The Hong Kong Securities and Futures Commission (SFC) has received 18 applications for crypto virtual asset trading licenses from domestic and international bodies in over two months.
Hong Kong SFC granted Huobi HK, the Hong Kong subsidiary of the Huobi cryptocurrency exchange, a license to operate a trading platform for virtual assets on February 20, according to a local report. DFX Labs, Crypto.com, OKX, Bybit, and 18 other cryptocurrency exchanges submitted applications for the same license beginning in mid-November 2023.
Applicants for licensing must complete rigorous due diligence assessments, which may include a comprehensive financial audit surpassing the scope of proof of reserves. Web3 companies must invest up to $25 million to develop their applications for these licenses.

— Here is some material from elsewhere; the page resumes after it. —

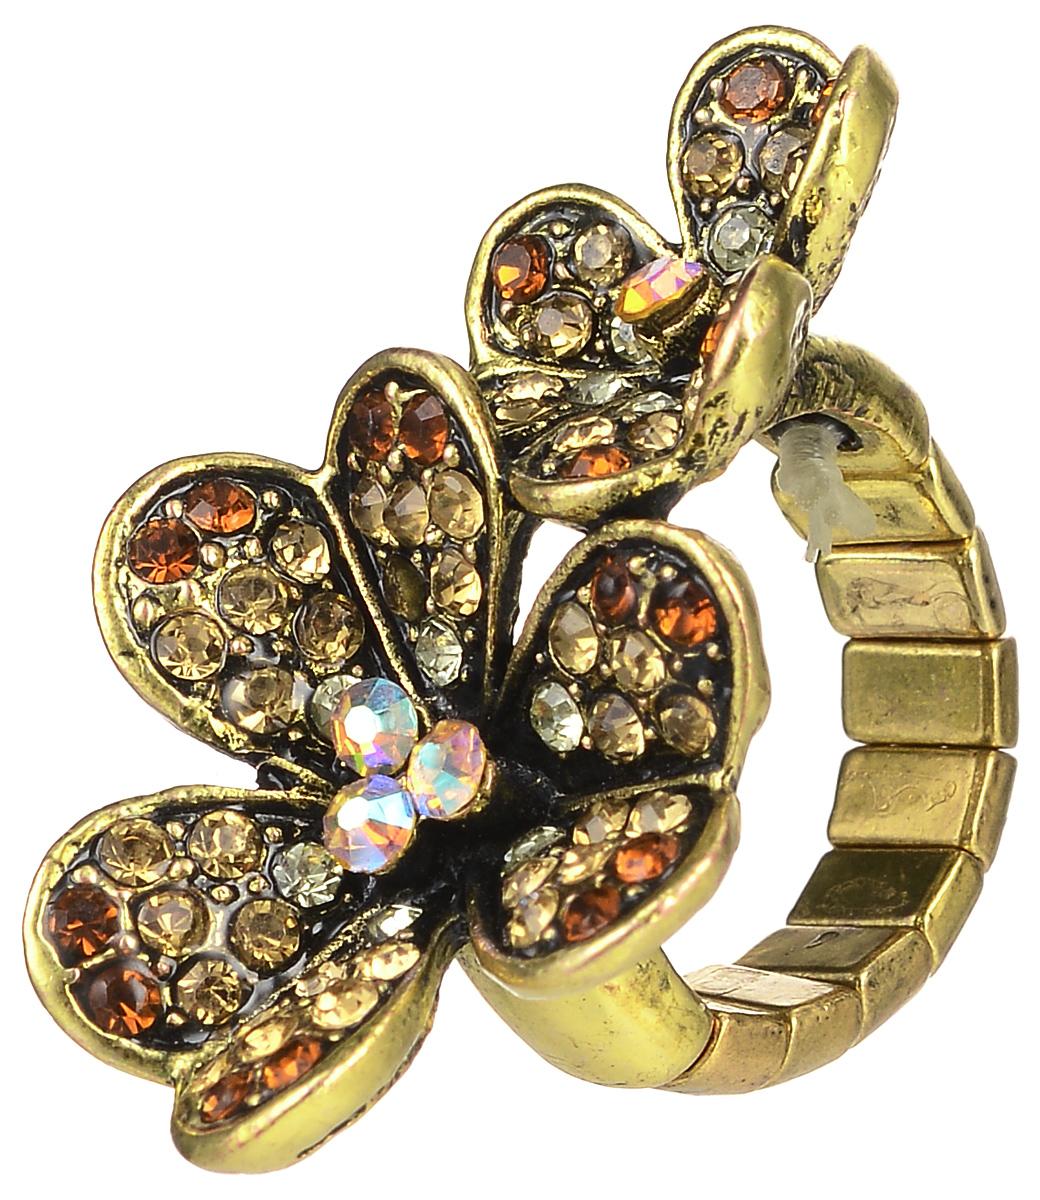 Кольцо Taya, цвет: золотистый, желтый. T-B-7328T-B-7328-RING-GOLDКольцо Taya выполнено из бижутерийного сплава и оформлено элементом в виде двух листочков клевера, которые дополнены стразами. Эластичная резинка, которая дополняет основание изделия, делает размер кольца универсальным. Элегантное кольцо Taya выгодно подчеркнет изящество, женственность и красоту своей обладательницы.

Furthermore, traditional brokerages, including the Chinese stock brokerage Tiger Brokers, have been drawn to Hong Kong by the recent clarity surrounding exchange licensing. The brokerage enhanced its Type 1 SFC license in January to permit cryptocurrency trading for Hong Kong-based professional investors and financial institutions.
At the time, John Fei Zeng, director and chief financial officer of Tiger Brokers, stated to Cointelegraph:
“Other than stocks and options, crypto is becoming an important asset class. It’s hence a natural extension of business as a broker-dealer to add a new asset class, and the underlying Web3 technology is also integrated with Tiger’s fintech background.”
On January 26, Harvest Hong Kong, a prominent fund manager in China, submitted the initial application to the Hong Kong regulator for a spot in the Bitcoin exchange-traded fund.
Hong Kong has established a minimum insurance requirement of 50% for licensed cryptocurrency exchanges that manage their client’s assets as the city prepares to adopt cryptocurrencies.
As OSL Exchange disclosed, the minimum insurance coverage requirement of 50% applies to all assets held in custody. Simultaneously, OSL announced that it had entered into a two-year collaborative agreement with Canopius, a syndicate of underwriters affiliated with Lloyds of London, to provide insurance coverage for 95% of the assets owned by its users.